Since expression of the genes in this cluster was found to be correlated with the final efficiency of CM differentiation, the 10 genes with higher expression values (AFP, SERPINA1, AHSG, TTR, AMBP, TF, TM4SF4, FGB, APOC3, SPINK1) were retrieved and their expression through time plotted for each experiment (Fig. 5C and supplementary figure 3). As these genes were found to have an expression of up to 7 logFC at differentiation day 9, they may be further investigated as markers for early prediction of low cardiac differentiation efficiency.
The SOM portraits generated allowed to have a visualization of differences in the transcriptome throughout hiPSC differentiation using two different protocols. However, using only this representation, it is not straightforward to assign these differences to specific genes. HBC was then used to further investigate and visualize the transcriptomic data. Initially, a bi-cluster heatmap with the entire gene set and all the replicates was performed, as well as with the samples’ average (supplementary figure 4A). However, due to the high number of genes, it was not possible to extract meaningful information from these representations. A simplified bi-cluster heatmap was then generated, using only the genes from the K-means clusters previously considered relevant (supplementary figure 4B). Using this subset of genes, different expression patterns became more evident and it was possible to clearly identify a set of genes which are highly expressed only in the 2D differentiation samples, replicates 1 and 3, from day 9 to 20.
Nonetheless, this representation is still difficult to interpret and therefore we decided to further investigate the SOM results by generating a heatmap (supplementary figure 5A) considering only the SOM clusters G, M, N and S, which have the higher expression values and their biological significance already clarified. Also, to facilitate the interpretation, in supplementary figure 5 the samples were not clustered. Using this simplified heatmap, a 5-cluster cut was done, providing a cluster where the highly expressed genes for 2D replicates 1 and 3 can be isolated.
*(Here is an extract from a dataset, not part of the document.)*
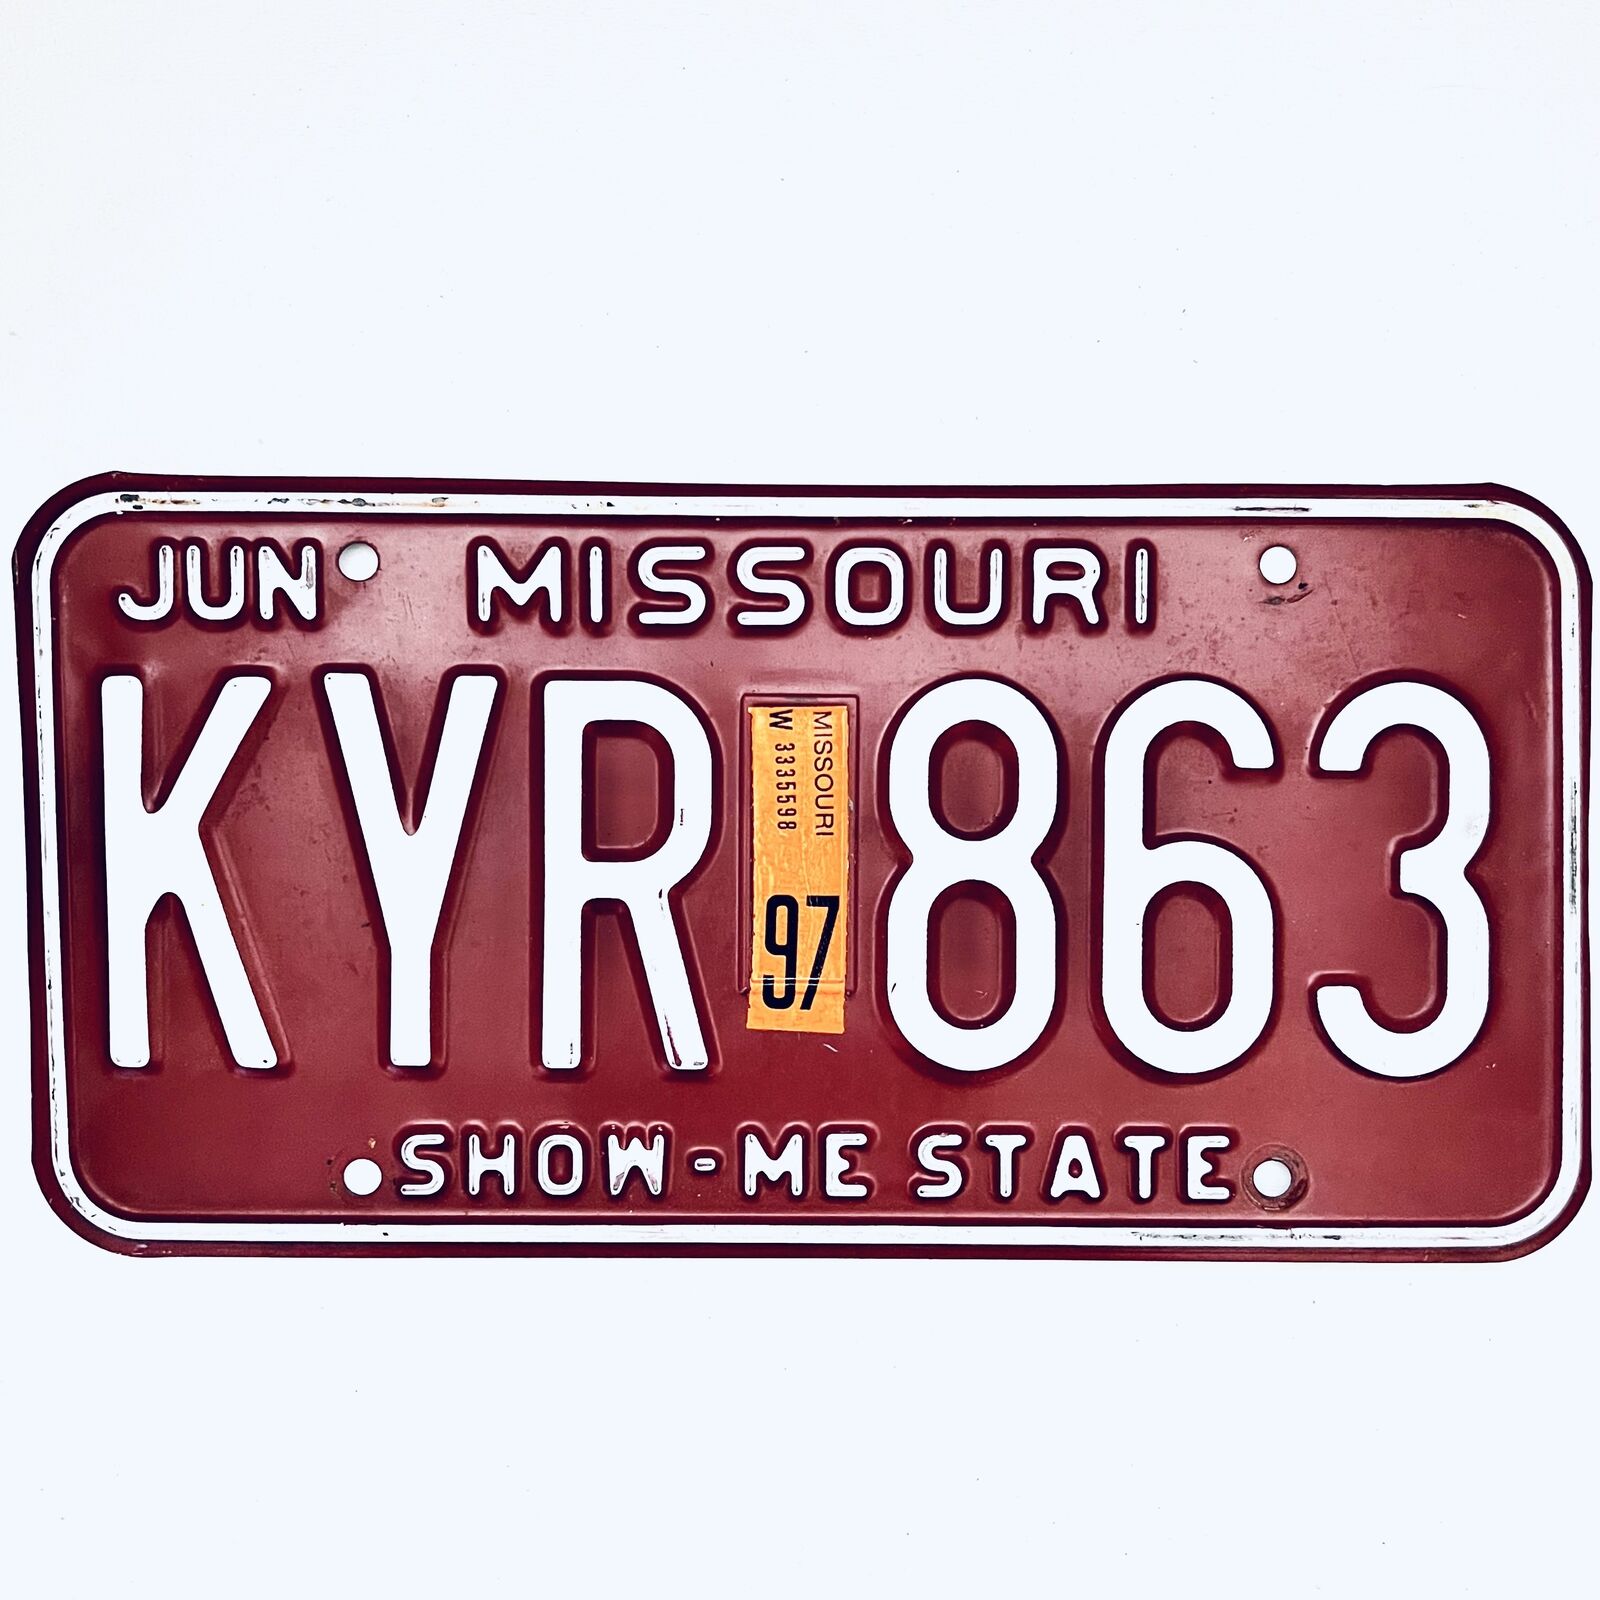 1997 United States Missouri Show-Me State Passenger License Plate KYR 863

Supplementary figure 5B presents a magnification of this cluster and, remarkably, 9 out of the 10 genes previously proposed as potential early markers of differentiation efficiency are here depicted and marked in light green. With this comparative analysis between SOM and HBC, it can be concluded that in contrast to SOM, HBC is not suitable for a whole-genome representation, but the use of both can be complementary since they provide visualizations with different resolutions of the gene expression patterns. While SOM portrays global gene expression patterns, in the form of metagenes, HBC can be used to generate heatmaps that allow the visualisation of single gene expression dynamics.